Exercise directions: Nothing but the lines from the start of the records below through the line that has "IBM Watson. Photo: Wikicommons" should appear, each exactly as given.

Data for analysis:
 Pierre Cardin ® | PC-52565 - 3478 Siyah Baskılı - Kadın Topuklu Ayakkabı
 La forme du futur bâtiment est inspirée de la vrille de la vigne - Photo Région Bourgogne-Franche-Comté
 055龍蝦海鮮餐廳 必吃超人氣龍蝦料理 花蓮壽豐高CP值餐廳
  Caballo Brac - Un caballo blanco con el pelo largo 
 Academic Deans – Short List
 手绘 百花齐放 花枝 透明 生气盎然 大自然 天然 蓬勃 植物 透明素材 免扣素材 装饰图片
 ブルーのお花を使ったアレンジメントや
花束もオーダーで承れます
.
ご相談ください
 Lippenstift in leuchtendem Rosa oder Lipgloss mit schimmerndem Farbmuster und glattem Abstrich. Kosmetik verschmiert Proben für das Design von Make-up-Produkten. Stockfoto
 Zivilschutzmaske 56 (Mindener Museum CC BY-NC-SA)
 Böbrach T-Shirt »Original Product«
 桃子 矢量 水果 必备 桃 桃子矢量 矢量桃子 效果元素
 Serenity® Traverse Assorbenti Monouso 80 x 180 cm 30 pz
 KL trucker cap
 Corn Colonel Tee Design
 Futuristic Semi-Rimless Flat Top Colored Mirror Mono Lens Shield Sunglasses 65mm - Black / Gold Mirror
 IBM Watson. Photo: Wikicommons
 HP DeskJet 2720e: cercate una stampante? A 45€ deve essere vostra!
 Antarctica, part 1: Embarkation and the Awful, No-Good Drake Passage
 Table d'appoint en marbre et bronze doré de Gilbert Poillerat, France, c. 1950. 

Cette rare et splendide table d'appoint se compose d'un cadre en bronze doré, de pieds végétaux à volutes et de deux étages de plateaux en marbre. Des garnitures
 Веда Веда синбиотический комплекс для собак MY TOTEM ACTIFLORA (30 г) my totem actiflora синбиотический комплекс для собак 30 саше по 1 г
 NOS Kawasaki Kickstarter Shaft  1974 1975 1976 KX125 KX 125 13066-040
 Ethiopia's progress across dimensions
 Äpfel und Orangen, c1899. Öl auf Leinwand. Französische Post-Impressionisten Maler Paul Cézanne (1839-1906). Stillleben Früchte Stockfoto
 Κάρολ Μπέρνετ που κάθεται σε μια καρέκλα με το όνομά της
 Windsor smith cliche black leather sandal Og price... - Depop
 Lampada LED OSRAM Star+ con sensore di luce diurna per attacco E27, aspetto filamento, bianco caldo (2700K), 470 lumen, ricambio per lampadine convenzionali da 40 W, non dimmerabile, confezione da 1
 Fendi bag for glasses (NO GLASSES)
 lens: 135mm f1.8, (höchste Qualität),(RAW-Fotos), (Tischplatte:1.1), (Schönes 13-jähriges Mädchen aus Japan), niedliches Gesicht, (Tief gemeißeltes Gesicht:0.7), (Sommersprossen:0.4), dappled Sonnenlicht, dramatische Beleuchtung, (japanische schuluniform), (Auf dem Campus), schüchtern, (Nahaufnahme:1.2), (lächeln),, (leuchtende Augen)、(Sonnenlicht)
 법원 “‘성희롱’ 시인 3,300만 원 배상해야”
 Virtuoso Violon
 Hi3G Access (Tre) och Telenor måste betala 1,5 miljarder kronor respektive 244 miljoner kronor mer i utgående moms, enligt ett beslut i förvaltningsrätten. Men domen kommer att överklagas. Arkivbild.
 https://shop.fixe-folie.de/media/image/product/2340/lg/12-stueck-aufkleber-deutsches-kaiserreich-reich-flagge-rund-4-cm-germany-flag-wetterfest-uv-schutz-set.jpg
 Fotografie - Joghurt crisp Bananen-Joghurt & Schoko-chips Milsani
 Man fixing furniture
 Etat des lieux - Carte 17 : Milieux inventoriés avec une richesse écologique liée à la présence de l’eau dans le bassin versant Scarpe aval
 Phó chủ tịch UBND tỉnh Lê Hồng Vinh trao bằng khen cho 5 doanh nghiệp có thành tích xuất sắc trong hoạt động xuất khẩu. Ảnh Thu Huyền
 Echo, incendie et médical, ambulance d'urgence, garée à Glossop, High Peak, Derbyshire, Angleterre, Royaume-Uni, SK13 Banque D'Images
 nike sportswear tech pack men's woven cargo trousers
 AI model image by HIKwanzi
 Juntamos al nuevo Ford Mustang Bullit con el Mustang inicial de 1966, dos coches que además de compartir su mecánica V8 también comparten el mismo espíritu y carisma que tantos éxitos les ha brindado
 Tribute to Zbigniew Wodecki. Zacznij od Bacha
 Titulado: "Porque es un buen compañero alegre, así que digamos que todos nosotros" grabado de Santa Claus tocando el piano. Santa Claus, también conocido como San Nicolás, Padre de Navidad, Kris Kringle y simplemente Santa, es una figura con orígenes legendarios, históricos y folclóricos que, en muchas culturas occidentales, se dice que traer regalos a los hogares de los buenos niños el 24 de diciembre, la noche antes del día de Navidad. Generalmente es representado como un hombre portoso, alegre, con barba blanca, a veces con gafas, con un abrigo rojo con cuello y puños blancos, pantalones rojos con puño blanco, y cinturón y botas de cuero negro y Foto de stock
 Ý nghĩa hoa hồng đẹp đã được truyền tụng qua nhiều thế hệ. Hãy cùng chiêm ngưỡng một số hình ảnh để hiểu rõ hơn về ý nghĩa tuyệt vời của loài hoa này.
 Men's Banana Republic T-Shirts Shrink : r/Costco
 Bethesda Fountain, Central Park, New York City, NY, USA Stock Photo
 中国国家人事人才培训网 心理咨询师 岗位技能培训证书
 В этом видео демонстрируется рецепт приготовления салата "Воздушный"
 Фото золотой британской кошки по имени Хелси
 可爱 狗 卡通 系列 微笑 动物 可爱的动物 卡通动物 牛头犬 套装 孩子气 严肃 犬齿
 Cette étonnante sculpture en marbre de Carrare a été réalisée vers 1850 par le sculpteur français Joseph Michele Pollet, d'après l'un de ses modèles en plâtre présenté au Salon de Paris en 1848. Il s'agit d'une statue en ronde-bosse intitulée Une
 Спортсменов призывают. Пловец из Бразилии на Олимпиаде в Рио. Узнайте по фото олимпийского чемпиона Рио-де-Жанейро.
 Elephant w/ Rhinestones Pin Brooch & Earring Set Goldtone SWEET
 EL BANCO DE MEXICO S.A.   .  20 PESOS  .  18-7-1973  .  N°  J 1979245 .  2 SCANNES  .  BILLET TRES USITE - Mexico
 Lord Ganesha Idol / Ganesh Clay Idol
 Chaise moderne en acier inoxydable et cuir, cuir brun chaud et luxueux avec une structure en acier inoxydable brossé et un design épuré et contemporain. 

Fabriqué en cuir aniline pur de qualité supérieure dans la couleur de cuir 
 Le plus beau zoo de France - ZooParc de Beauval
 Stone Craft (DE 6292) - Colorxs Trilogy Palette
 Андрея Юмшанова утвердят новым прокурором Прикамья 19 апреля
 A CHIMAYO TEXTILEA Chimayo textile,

Reply to the task:
 Pierre Cardin ® | PC-52565 - 3478 Siyah Baskılı - Kadın Topuklu Ayakkabı
 La forme du futur bâtiment est inspirée de la vrille de la vigne - Photo Région Bourgogne-Franche-Comté
 055龍蝦海鮮餐廳 必吃超人氣龍蝦料理 花蓮壽豐高CP值餐廳
  Caballo Brac - Un caballo blanco con el pelo largo 
 Academic Deans – Short List
 手绘 百花齐放 花枝 透明 生气盎然 大自然 天然 蓬勃 植物 透明素材 免扣素材 装饰图片
 ブルーのお花を使ったアレンジメントや
花束もオーダーで承れます
.
ご相談ください
 Lippenstift in leuchtendem Rosa oder Lipgloss mit schimmerndem Farbmuster und glattem Abstrich. Kosmetik verschmiert Proben für das Design von Make-up-Produkten. Stockfoto
 Zivilschutzmaske 56 (Mindener Museum CC BY-NC-SA)
 Böbrach T-Shirt »Original Product«
 桃子 矢量 水果 必备 桃 桃子矢量 矢量桃子 效果元素
 Serenity® Traverse Assorbenti Monouso 80 x 180 cm 30 pz
 KL trucker cap
 Corn Colonel Tee Design
 Futuristic Semi-Rimless Flat Top Colored Mirror Mono Lens Shield Sunglasses 65mm - Black / Gold Mirror
 IBM Watson. Photo: Wikicommons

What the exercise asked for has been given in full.